**TASK STATEMENT**
Retype the data below exactly; skip every image.

**GIVEN DATA**
^^^^^^^^^^^^^^^^
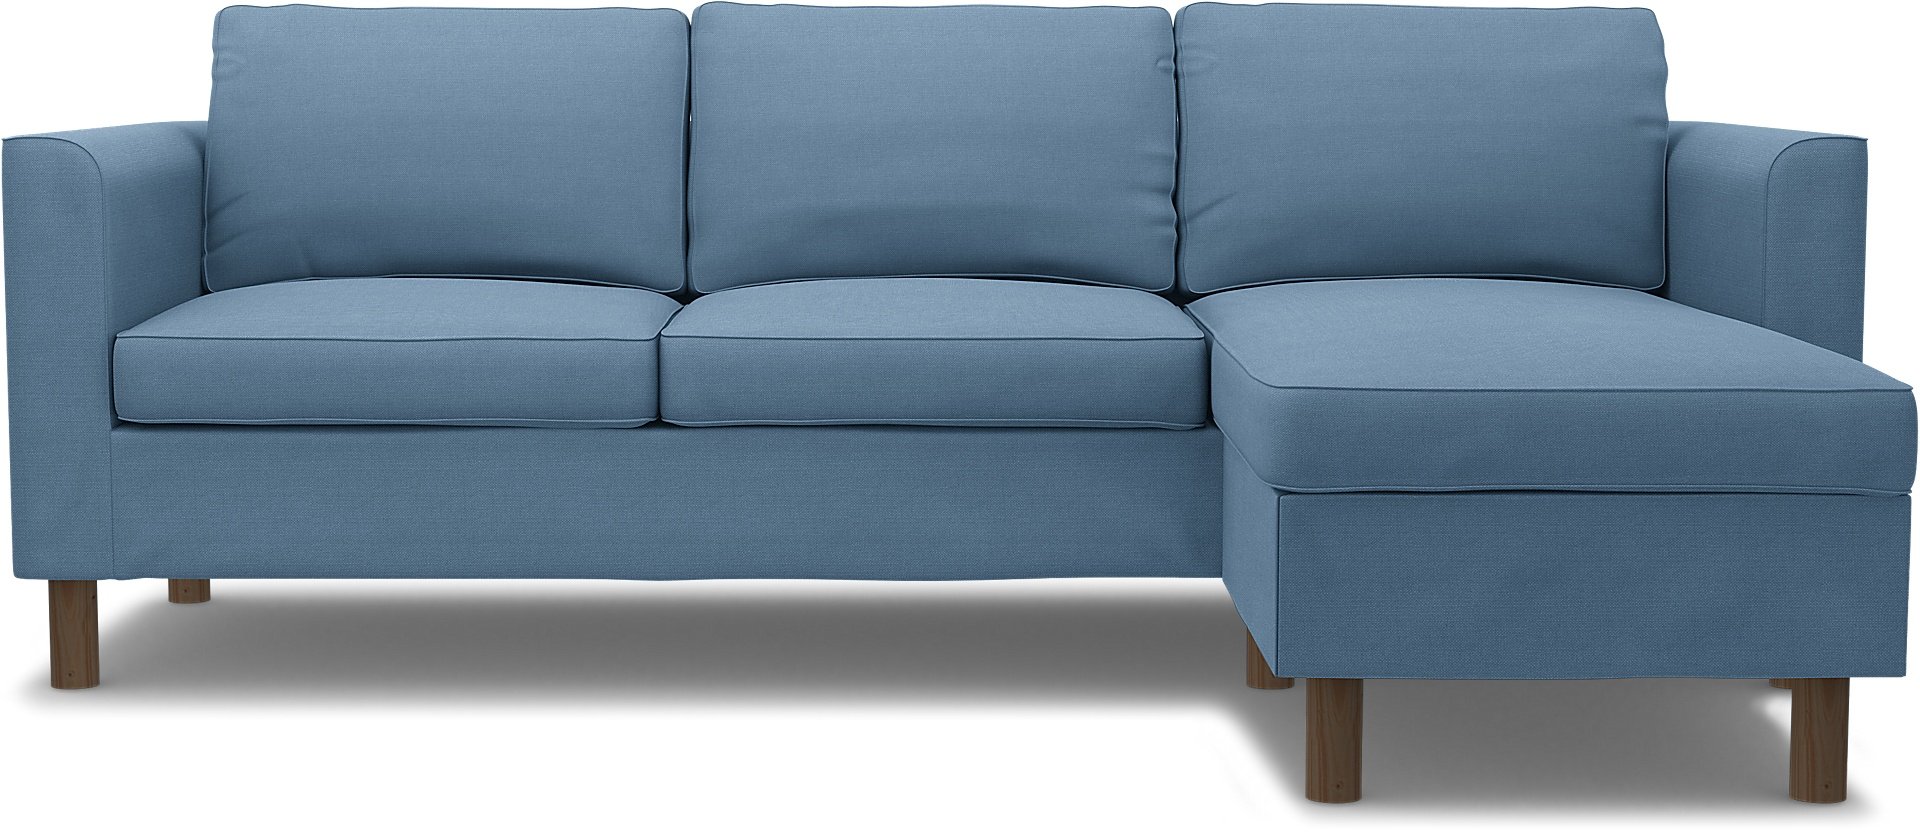 IKEA - Parup 3 Seater with chaise longue, Vintage Blue, Linen - Bemz
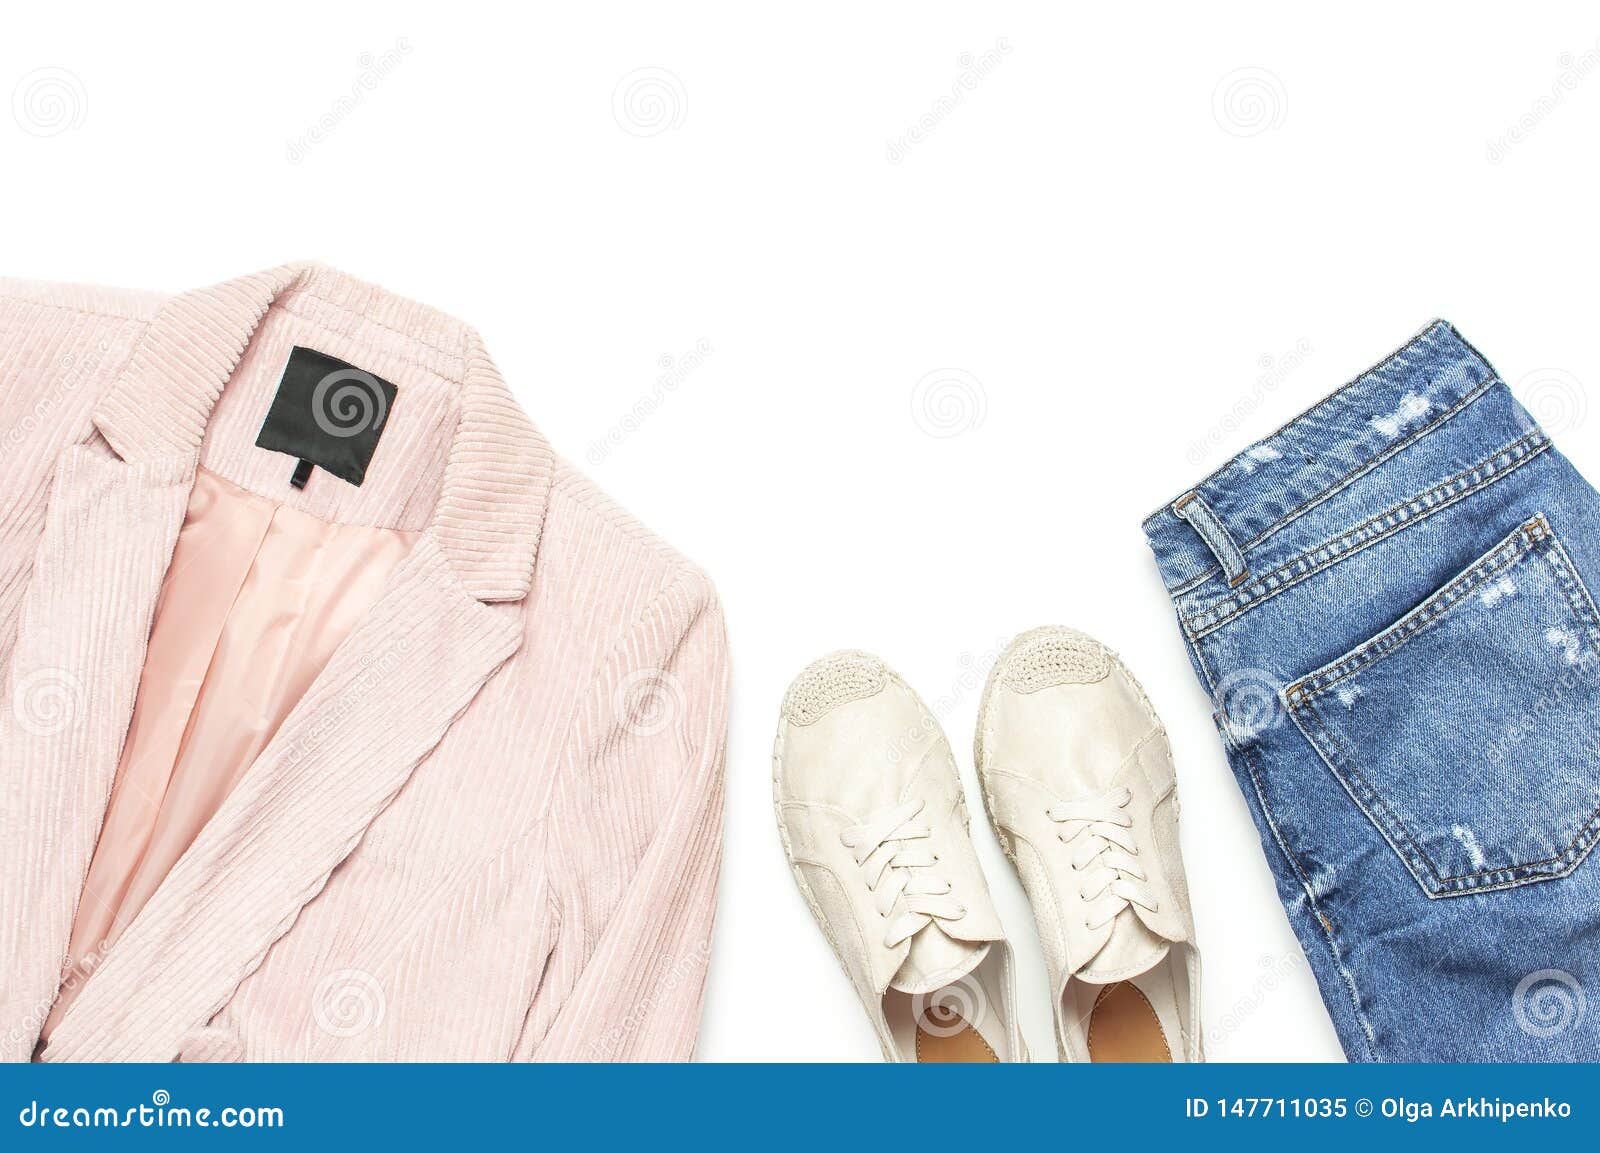 Stylish Feminine Spring Clothing White Shirt, Blue Jeans, Pink Corduroy ...
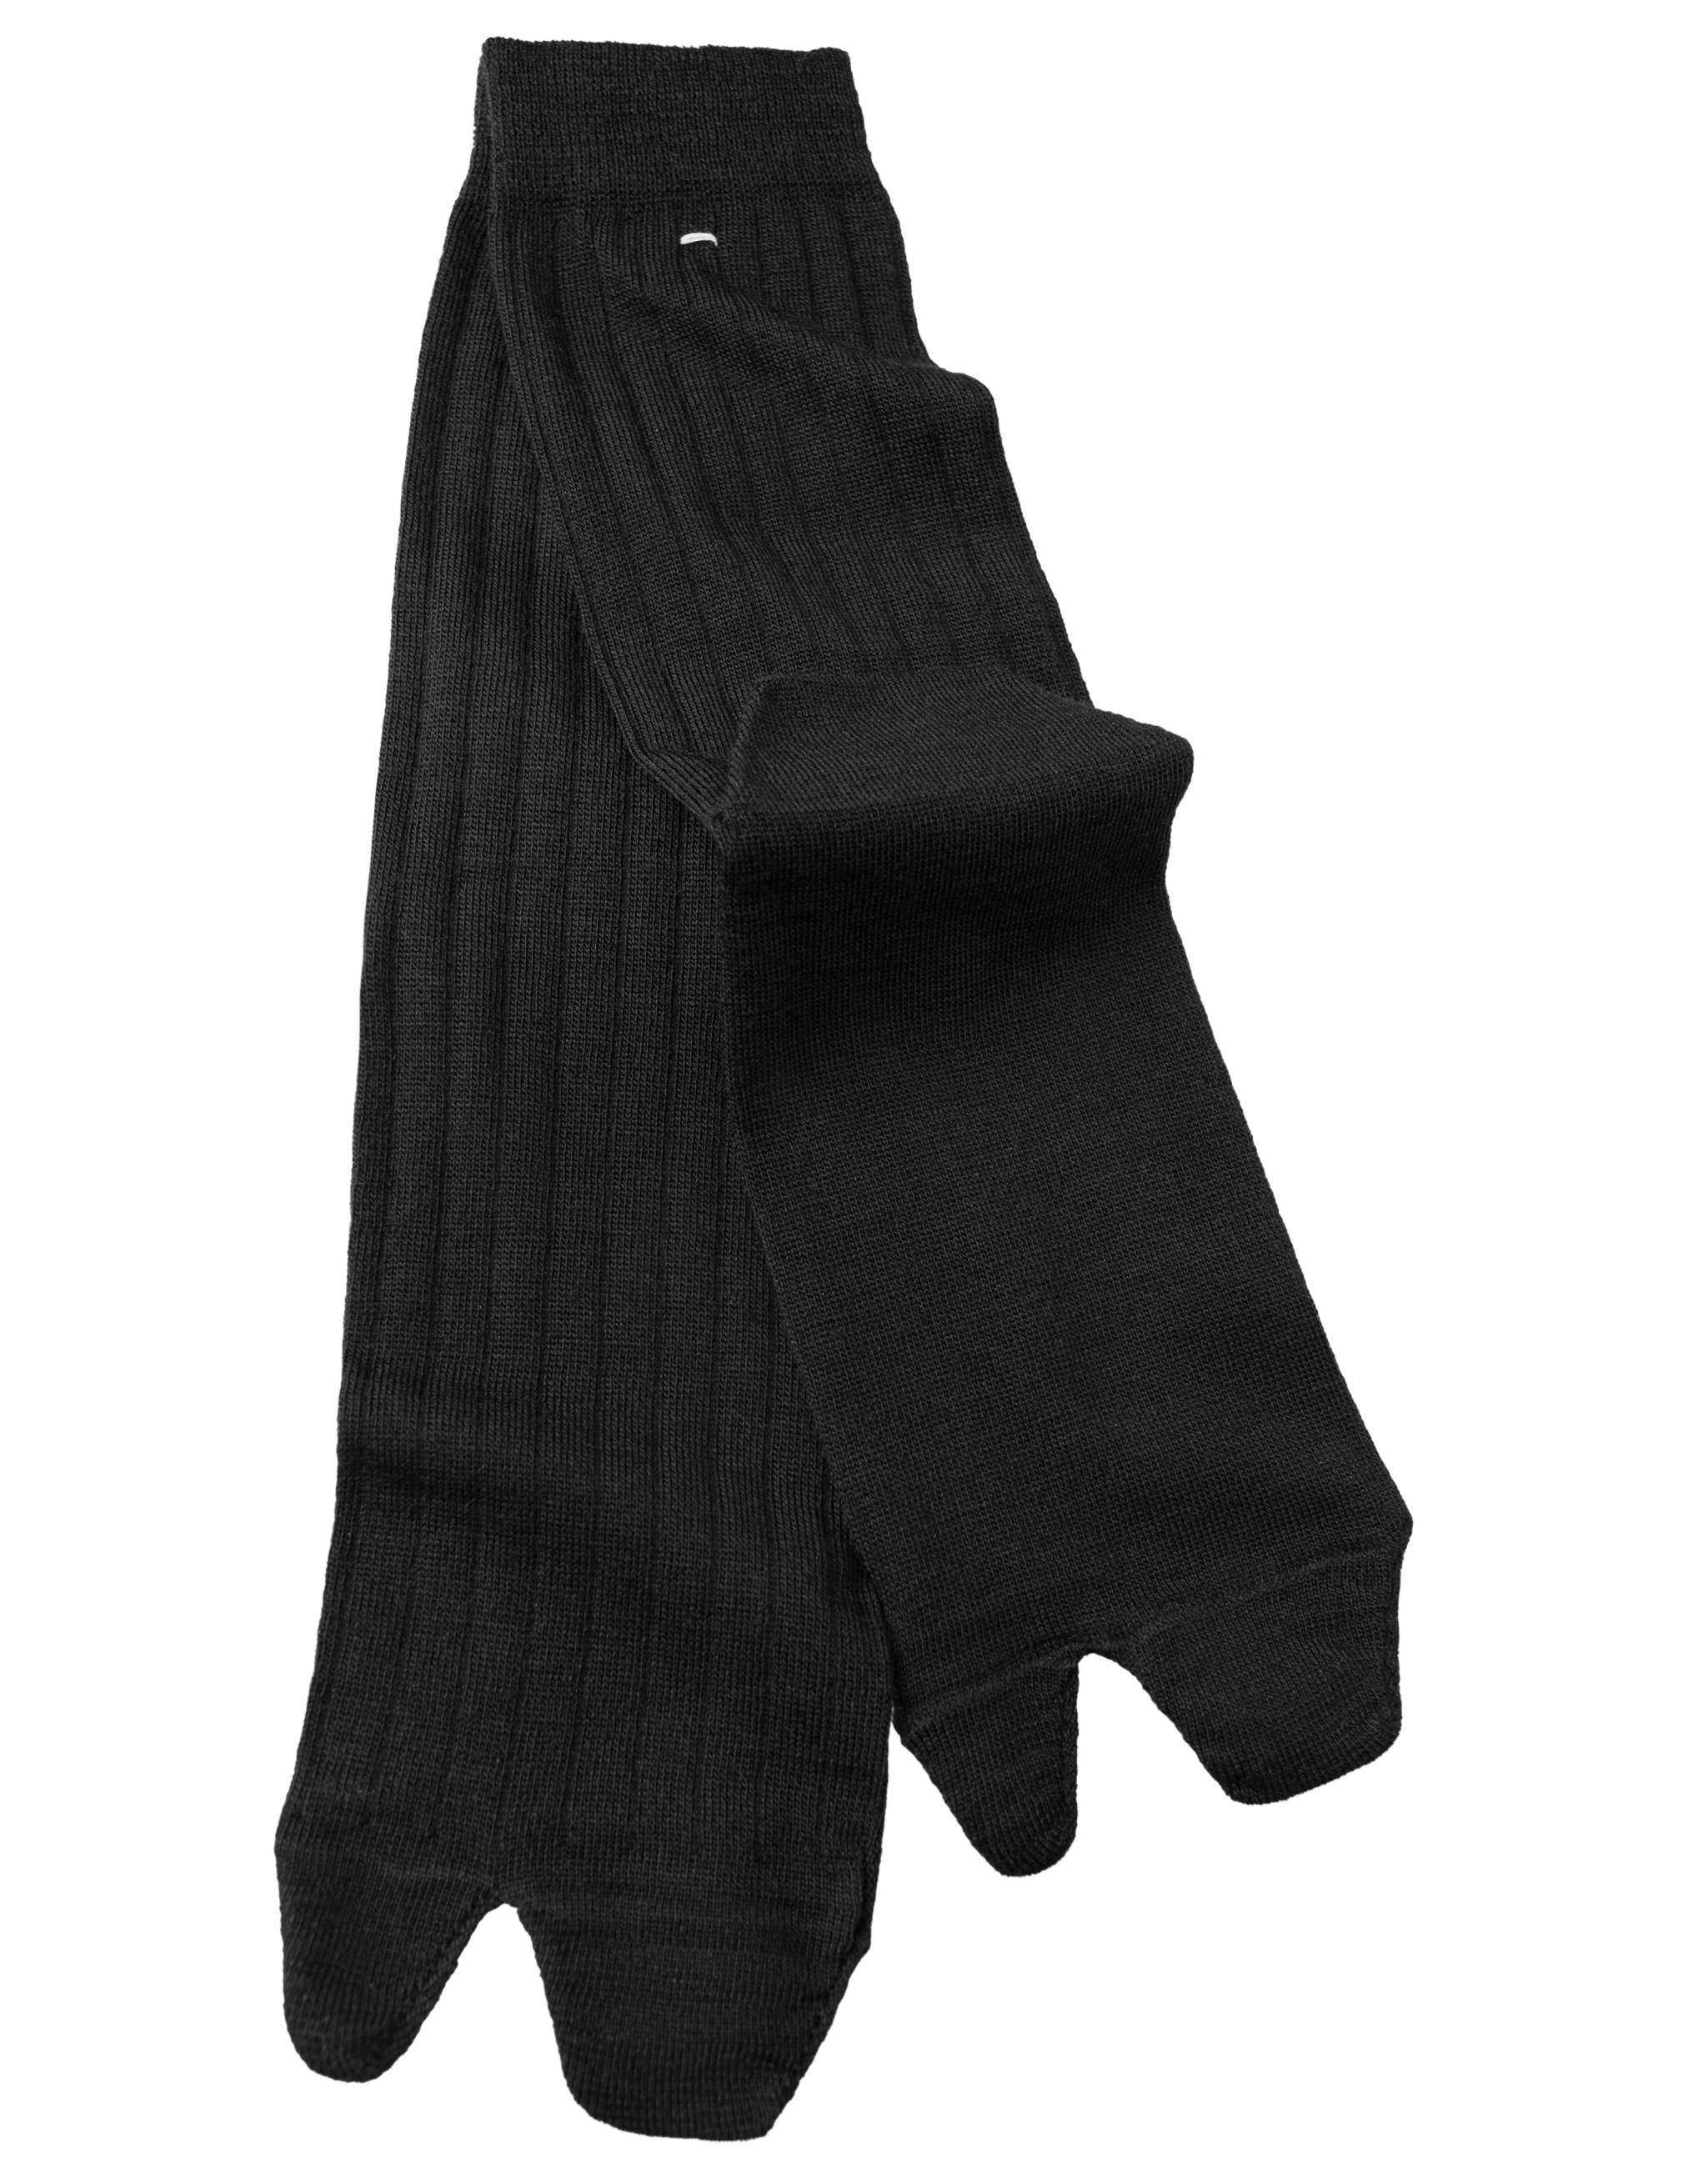 Черные носки Tabi Maison Margiela SI0TL0001/S17867/900, размер S;M SI0TL0001/S17867/900 - фото 2
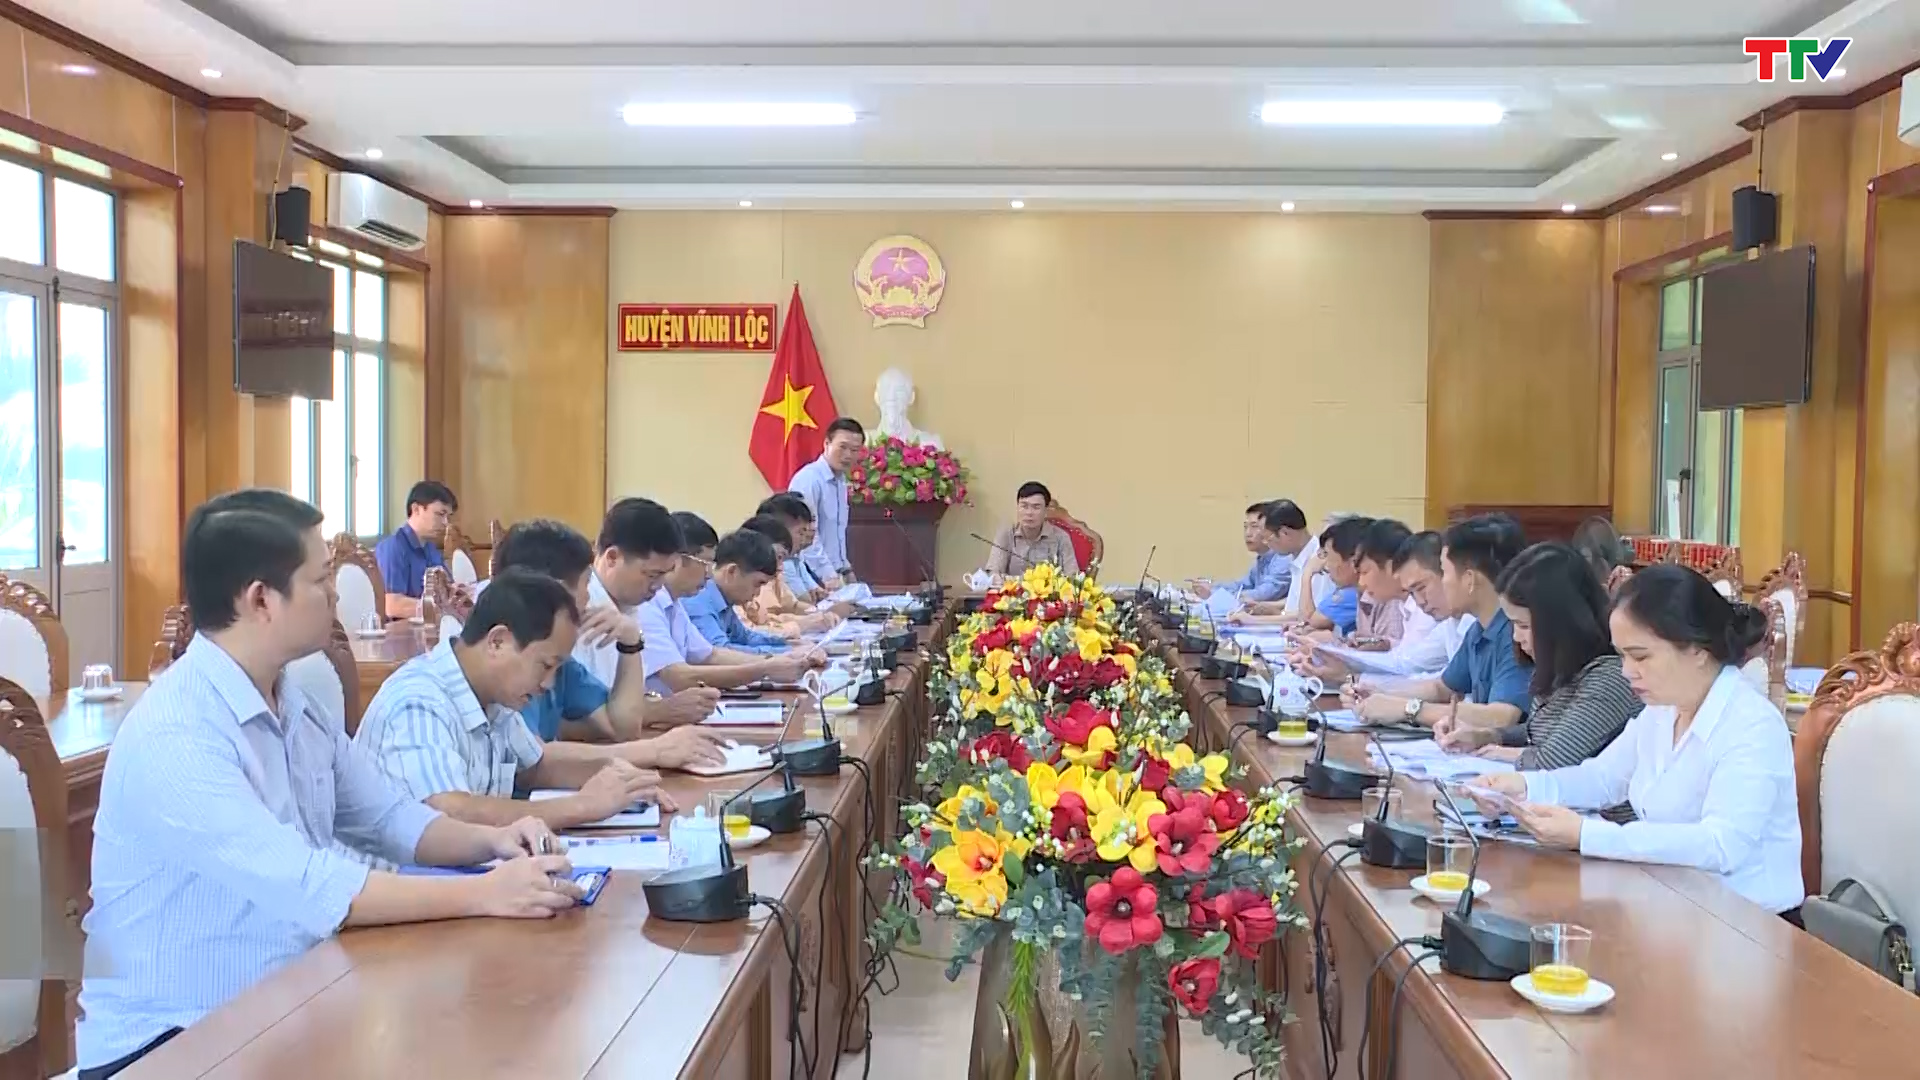 Huyện Vĩnh Lộc cần phát huy vai trò chính quyền cơ sở đảm bảo trật tự an toàn giao thông - Ảnh 2.
^^^^^^^^^^^^^^^^
**EXERCISE SOLUTION**
 IKEA - Parup 3 Seater with chaise longue, Vintage Blue, Linen - Bemz
 Stylish Feminine Spring Clothing White Shirt, Blue Jeans, Pink Corduroy ...
 Черные носки Tabi Maison Margiela SI0TL0001/S17867/900, размер S;M SI0TL0001/S17867/900 - фото 2
 Huyện Vĩnh Lộc cần phát huy vai trò chính quyền cơ sở đảm bảo trật tự an toàn giao thông - Ảnh 2.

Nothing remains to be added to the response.